This package allows to process files and databases for statistical purposes, with focus on estimation of parameters for several types of samples (simple random, stratified and multistage sampling).
Features:
- Multiple Regression. Listwise analysis optimized with use of Alglib library. Pairwise analysis is executed on pure ruby and reports same values as SPSS
- Dominance Analysis. Based on Bodescu and Azen papers, DominanceAnalysis class can report dominance analysis for a sample and DominanceAnalysis. Bootstrap can execute bootstrap analysis to determine dominance stability, as recomended by Azen & Bodescu (2003).
- Classes for Vector, Datasets (set of Vectors) and Multisets (multiple datasets with same fields and type of vectors), and multiple methods to manipulate them
- Module Codification, to help to codify open questions
- Converters to and from database, csv and Excel files, and to output Mx and GGobi files
- Module Correlation provides covariance and pearson, spearman, point biserial, tau a, tau b and gamma correlations.
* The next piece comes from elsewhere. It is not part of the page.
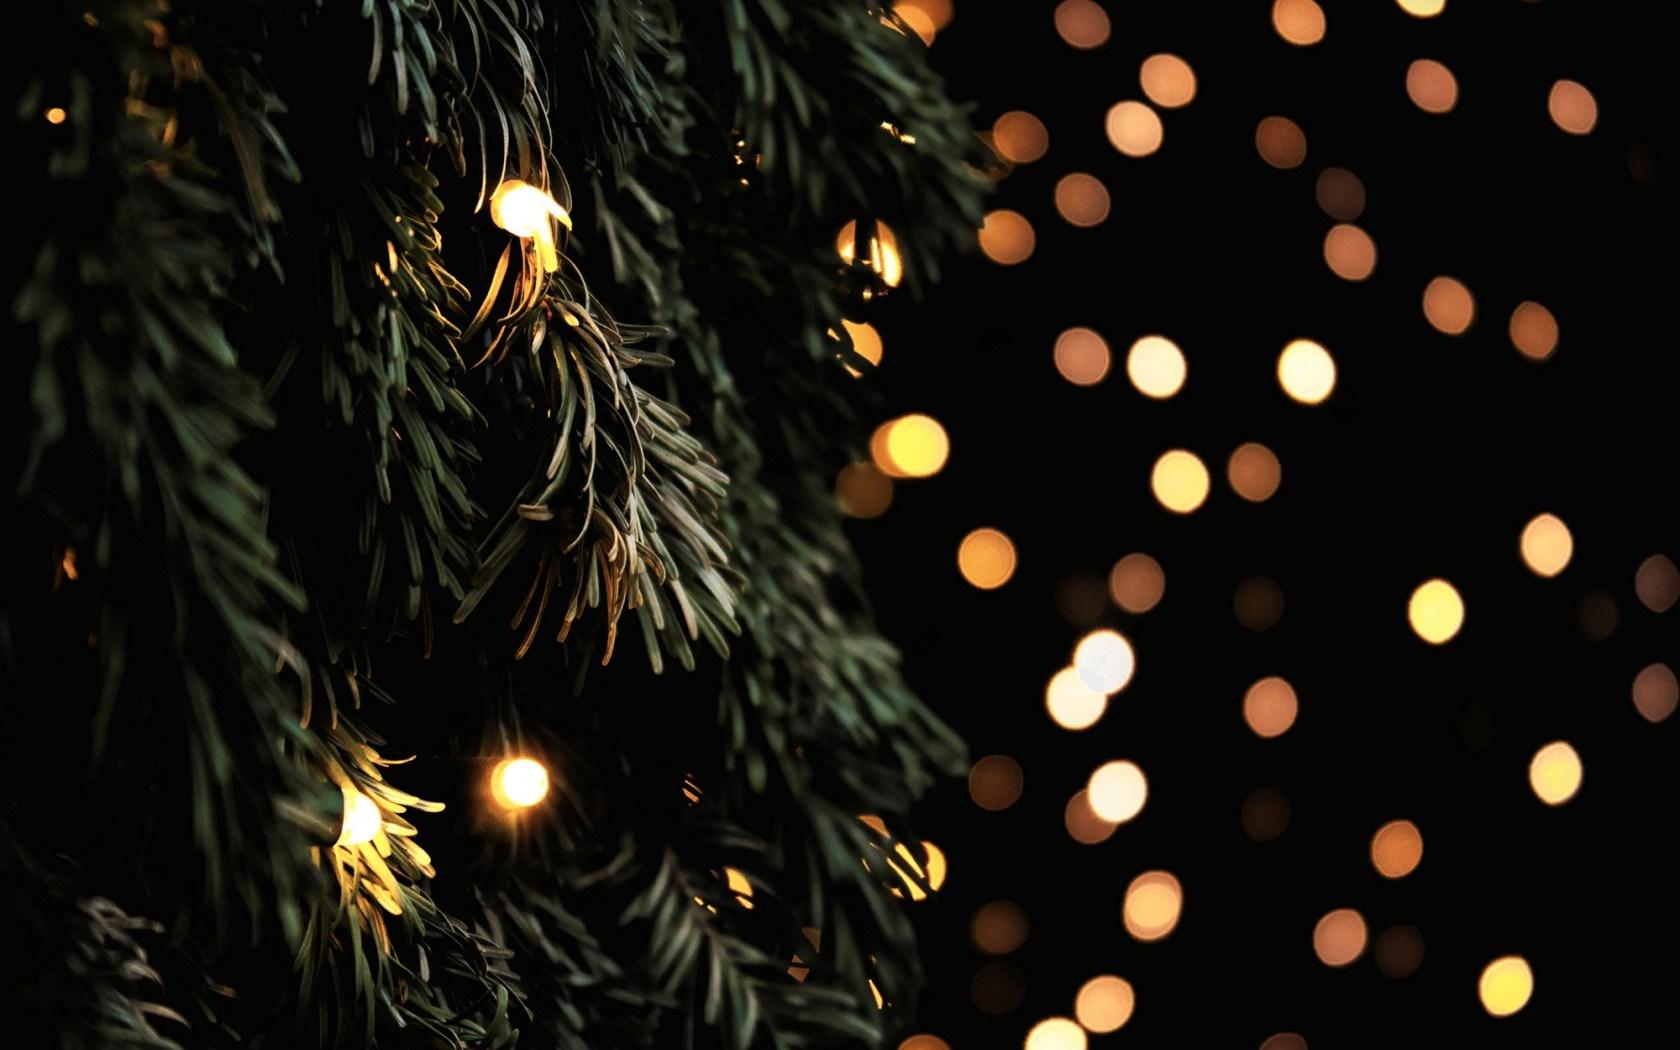 Tree Fir Branches Garland Lights New Year

Include methods to create correlation and covariance matrices.
- Module Crosstab provides function to create crosstab for categorical data
- Module HtmlReport provides methods to create a report for every class.
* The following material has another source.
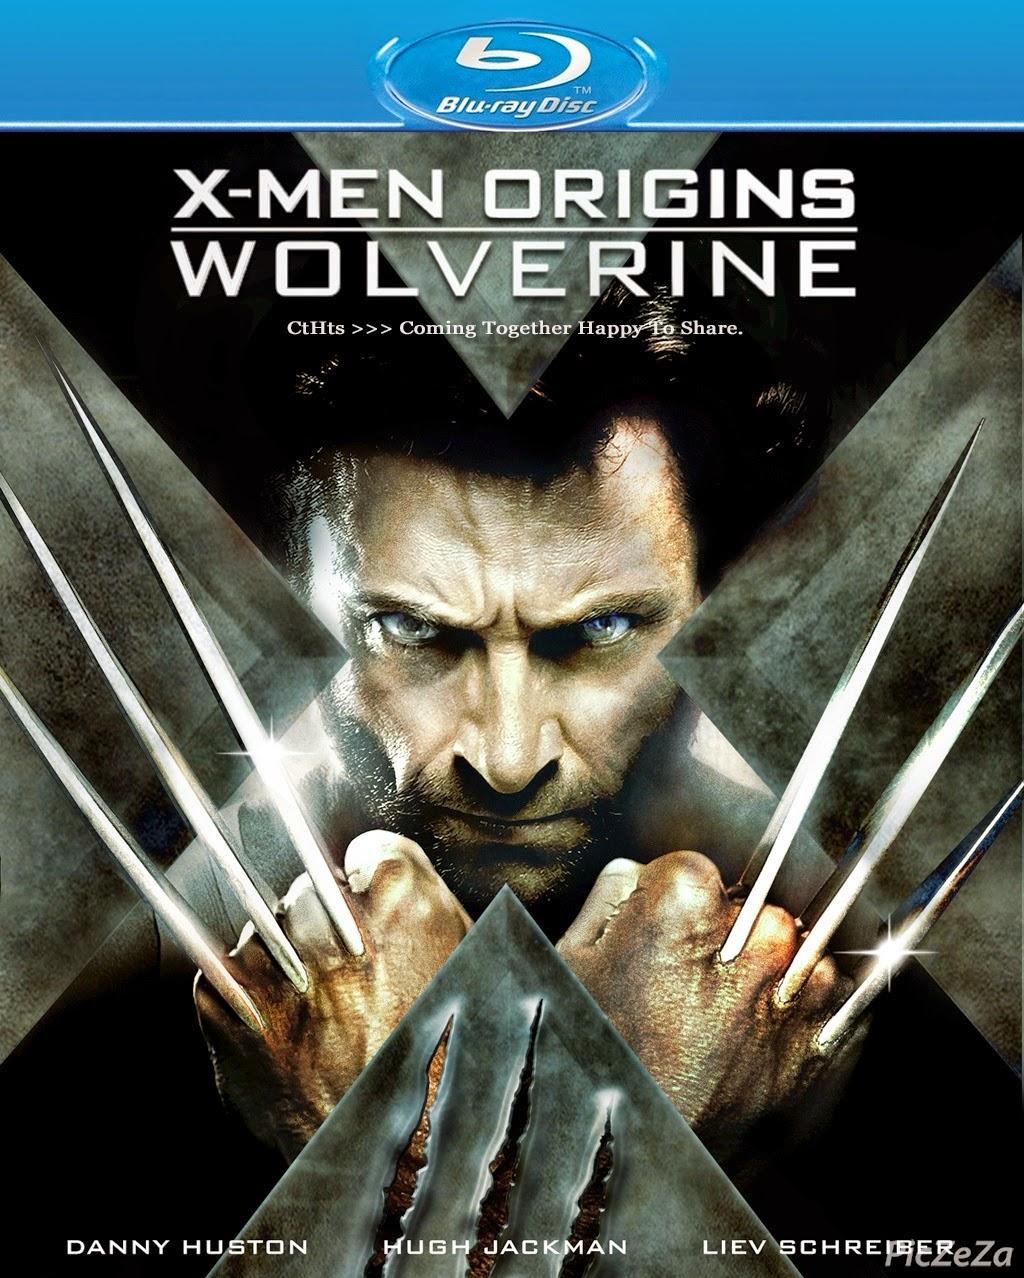 X-Men Origins : Wolverine (2009) กำเนิดวูล์ฟเวอรีน

- Regression module provides linear regression methods
- Reliability analysis provides functions to analyze scales. Class ItemAnalysis provides statistics like mean, standard deviation for a scale, alpha and standarized alpha, and for each item: mean, correlation with total scale, mean if deleted, alpha is deleted. With HtmlReport, graph the histogram of the scale and the Item Characteristic Curve for each item
- Module SRS (Simple Random Sampling) provides a lot of functions to estimate standard error for several type of samples
- Interfaces to gdchart, gnuplot and SVG::Graph
Examples
Real work session
# Read a CSV file, using '' and 'error' as missing values and ommiting 1 lines
ds=RubySS::CSV.read('resultados_c1.csv',['','error'],1)
# Create a new vector (column), calculating the mean of 13 vectors. Accept 1 missing values on one of the vectors
indice_constructivismo_becker=ds.vector_mean(%w{fd_2_1 fd_2_2 fd_3_1 fd_3_2 fd_3_3},1)
# Add the vector to the dataset
ds.add_vector("ind_cons_becker",indice_constructivismo_becker)
# Verify data. Vecto 'de_3_sex' must have values 'a' or 'b'. Dataset#verify returns and array with all errors
t_sex=create_test("Sex must be a o b",'de_3_sex') {|v| v['de_3_sex']=="a" or v['de_3_sex']=="b")}
p ds.verify(t_sexo)
# Creates a new dataset, based on the names of vectors
ds_software=ds.dup(%w{pe1n1 pe1n2 pe1n3 pe1n4 pe1n5 })
# Creates an html report, add a correlation matrix with all the scale vectors and save the report into a file
hr=RubySS::HtmlReport.new(ds_software,"correlations")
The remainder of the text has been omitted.